When discussing the topic of eating disorders, people most commonly assume anorexia nervosa, bulimia nervosa or binge eating disorder is being discussed. However, there is so much more to the conversation, and multiple other disorders that are less recognized and minimally discussed.
However, it does not make these other lesser-known disorders any less critical or threatening to the well-being of the individual.
What is EDNOS?
Among the various types of eating disorders, EDNOS, or Eating Disorders Not Otherwise Specified, represents a category that is often misunderstood and overlooked. Despite its somewhat non-specific name, EDNOS is a critical diagnosis that demands attention due to its impact on individuals who do not fit into the traditional diagnostic categories of anorexia nervosa, bulimia nervosa, or binge-eating disorder.
EDNOS was officially recognized in earlier editions of the Diagnostic and Statistical Manual of Mental Disorders (DSM). It served as a catch-all category for disordered eating behaviors that did not precisely meet the criteria for the specific eating disorders mentioned above.

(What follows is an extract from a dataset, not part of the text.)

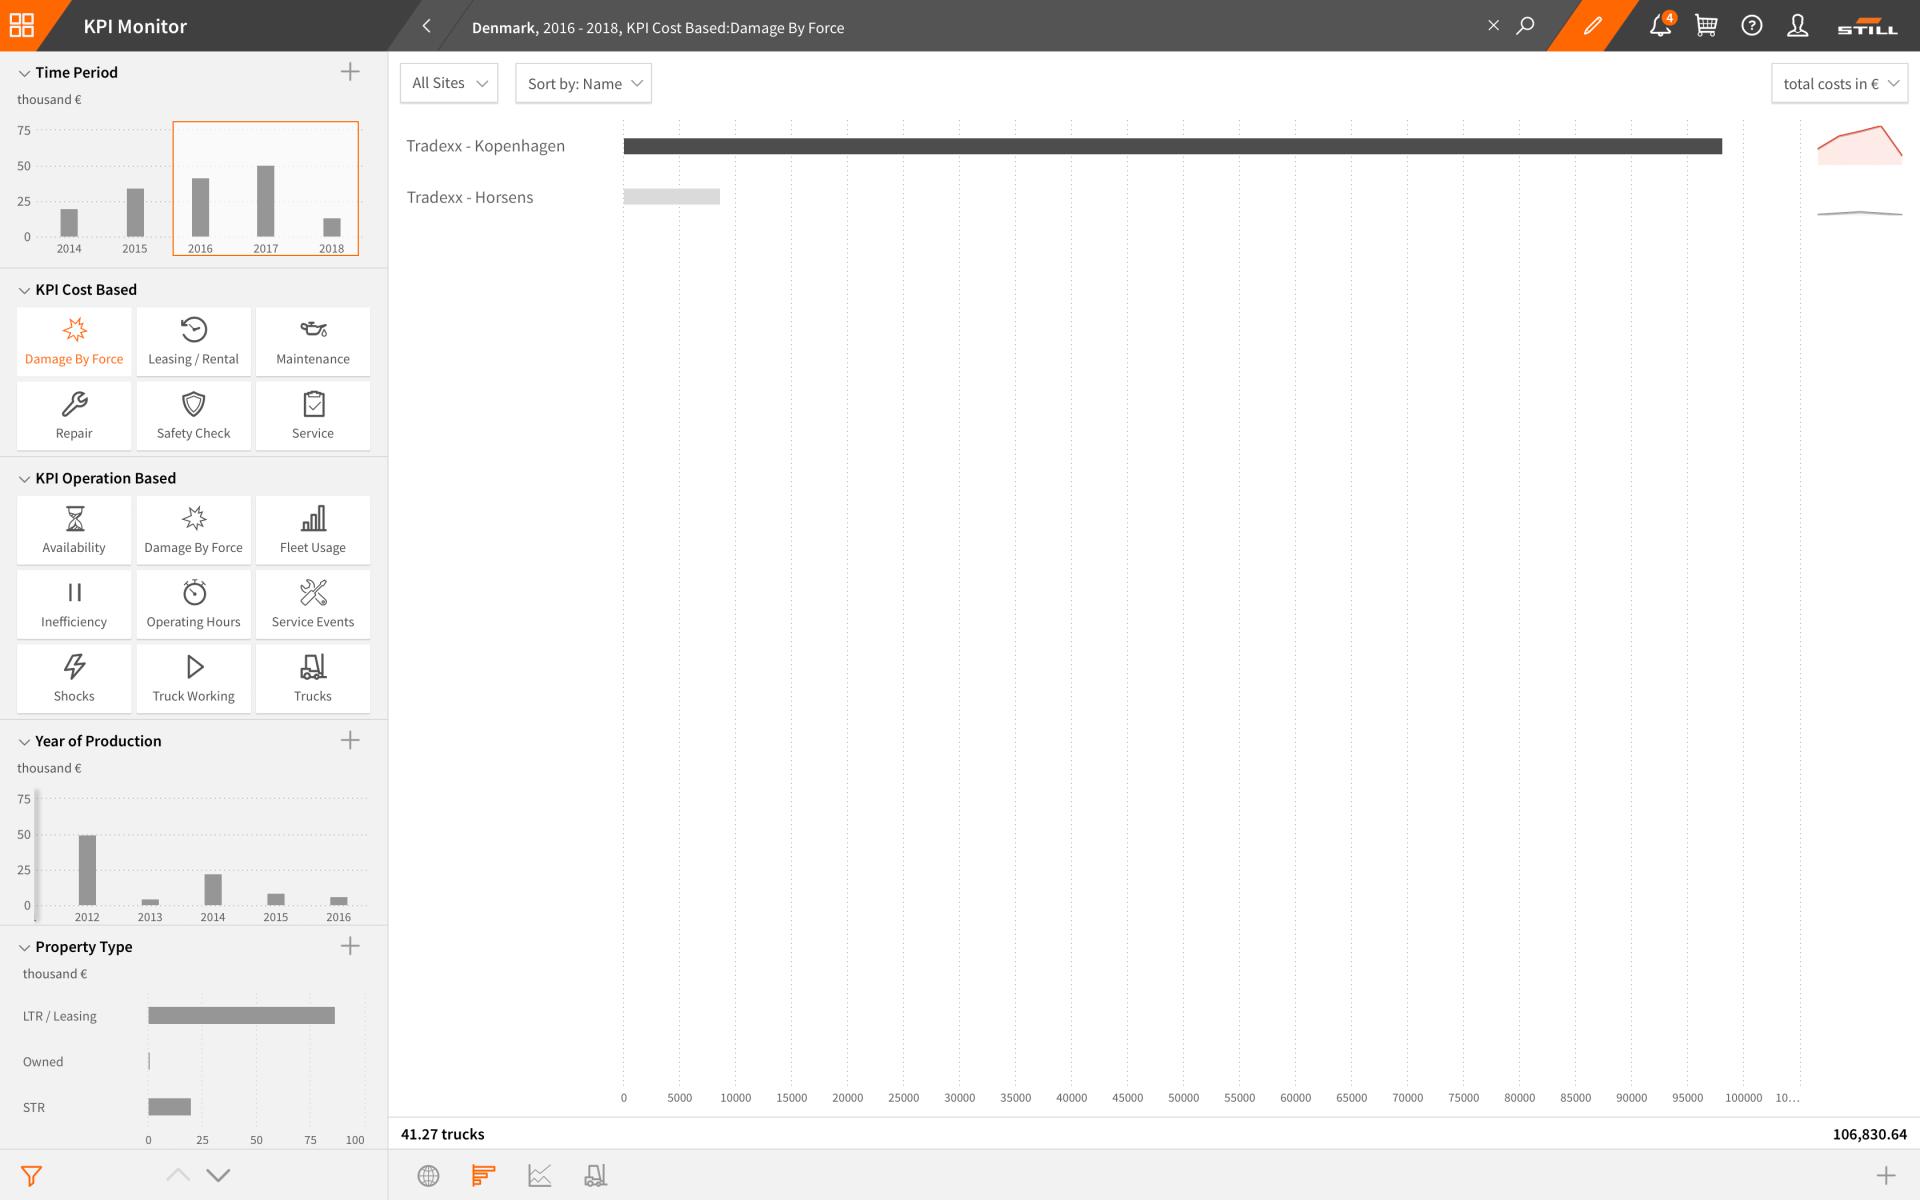 KPI Monitor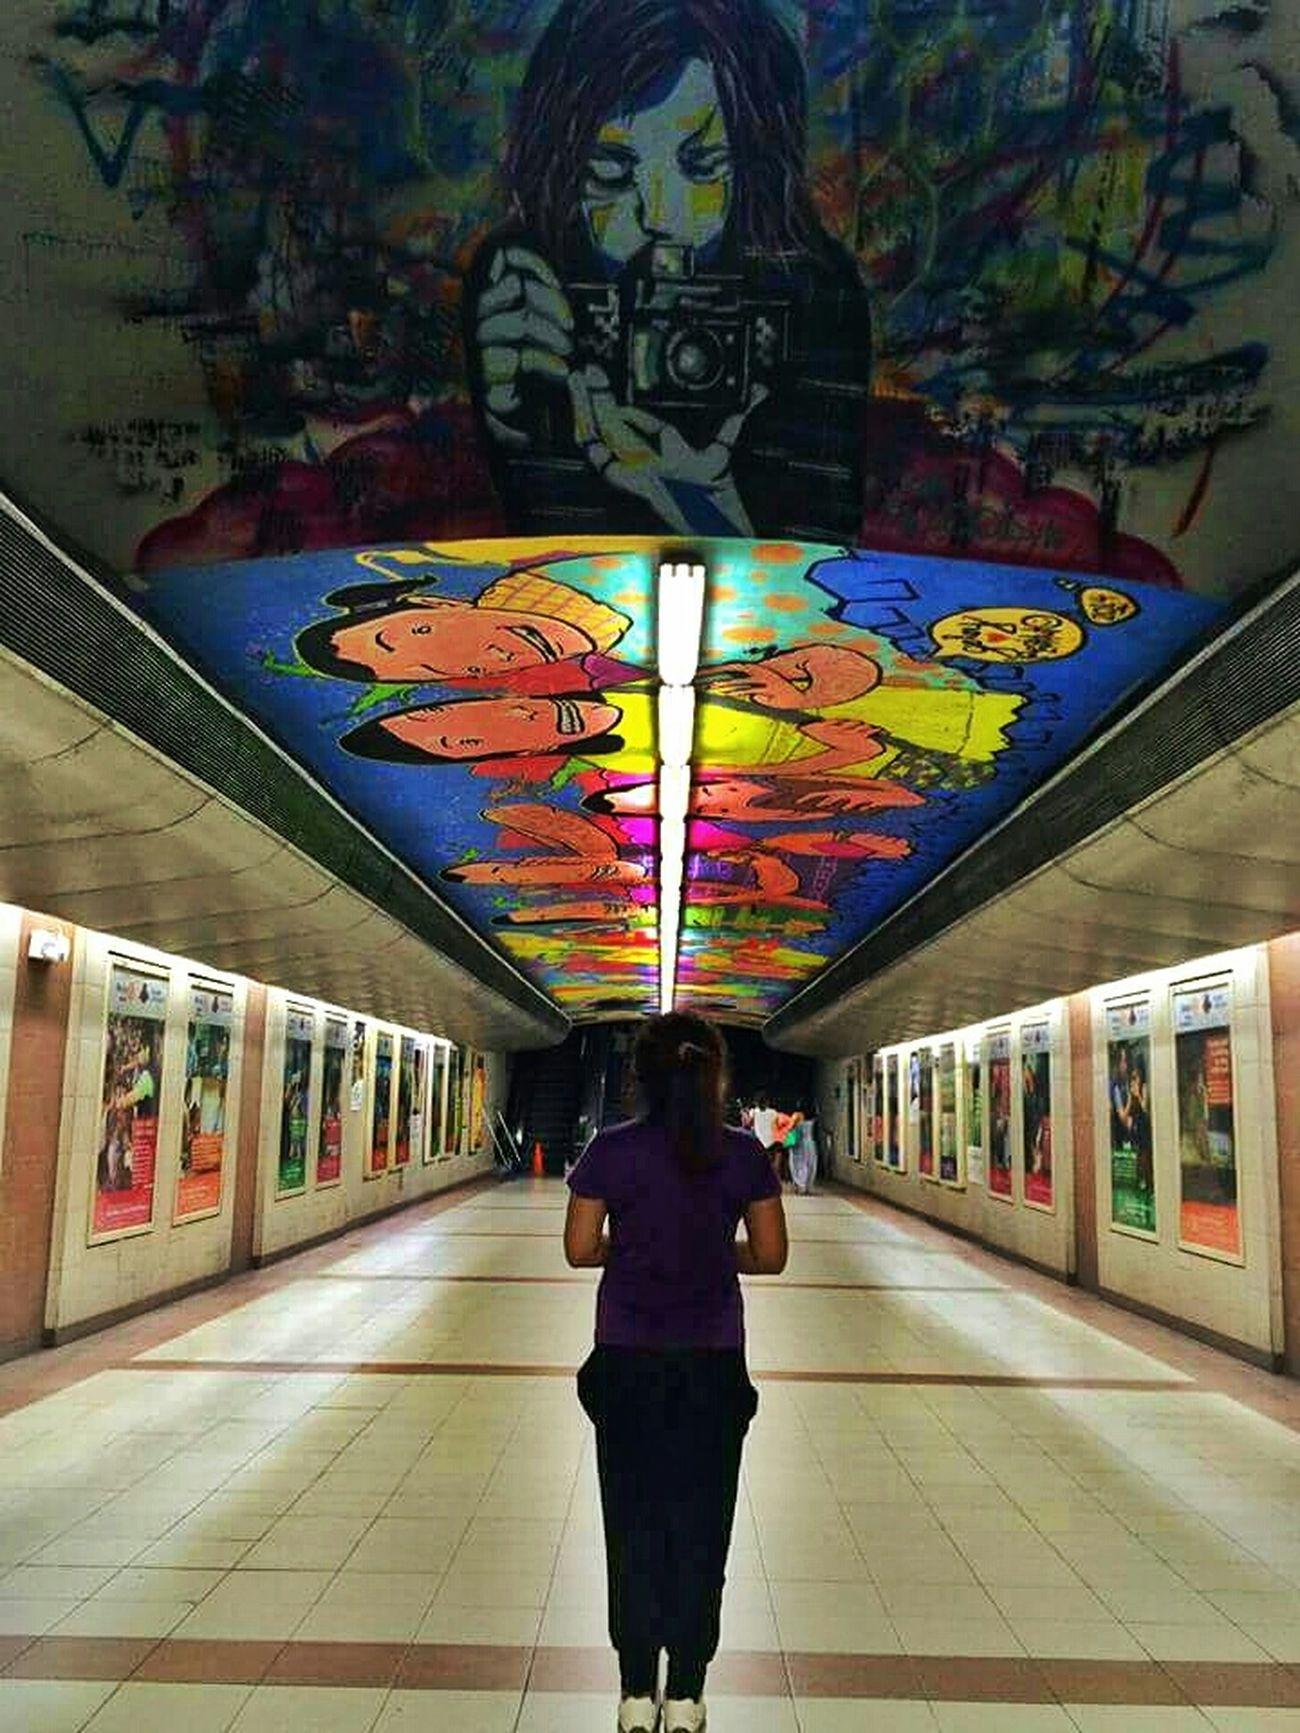 Underpass Ayala Walkway Graffitti ArtWork Photography Mural Wall Art

This lack of specificity often led to challenges in diagnosis, treatment, and understanding of the disorder, both for healthcare professionals and those affected.
In order to bring about greater awareness and better treatment options, “DSM-5 has replaced the ‘not otherwise specified’ (NOS) designation throughout the entire manual. People who have previously been diagnosed with EDNOS may now meet the full criteria for one of the other DSM-5 eating disorders. Alternatively, they will be assessed as having either OSFED or UFED…” which stand for Other Specified Feeding or Eating Disorder and Unspecified Feeding and Eating Disorder, respectively.
What are the symptoms of EDNOS?
One of the main characteristics of EDNOS is its diversity. Unlike anorexia nervosa, where individuals have a significantly low body weight and intense fear of gaining weight, or bulimia nervosa, marked by recurrent binge-eating episodes followed by compensatory behaviors, EDNOS encompasses a wide range of symptoms and behaviors.
Individuals with EDNOS may exhibit symptoms of various disorders without meeting the full criteria for any. For example, they may engage in restrictive eating and have an unhealthy preoccupation with food and body image, but maintain a normal weight. Or, they might binge and purge, but do so less often than the diagnostic threshold for bulimia nervosa.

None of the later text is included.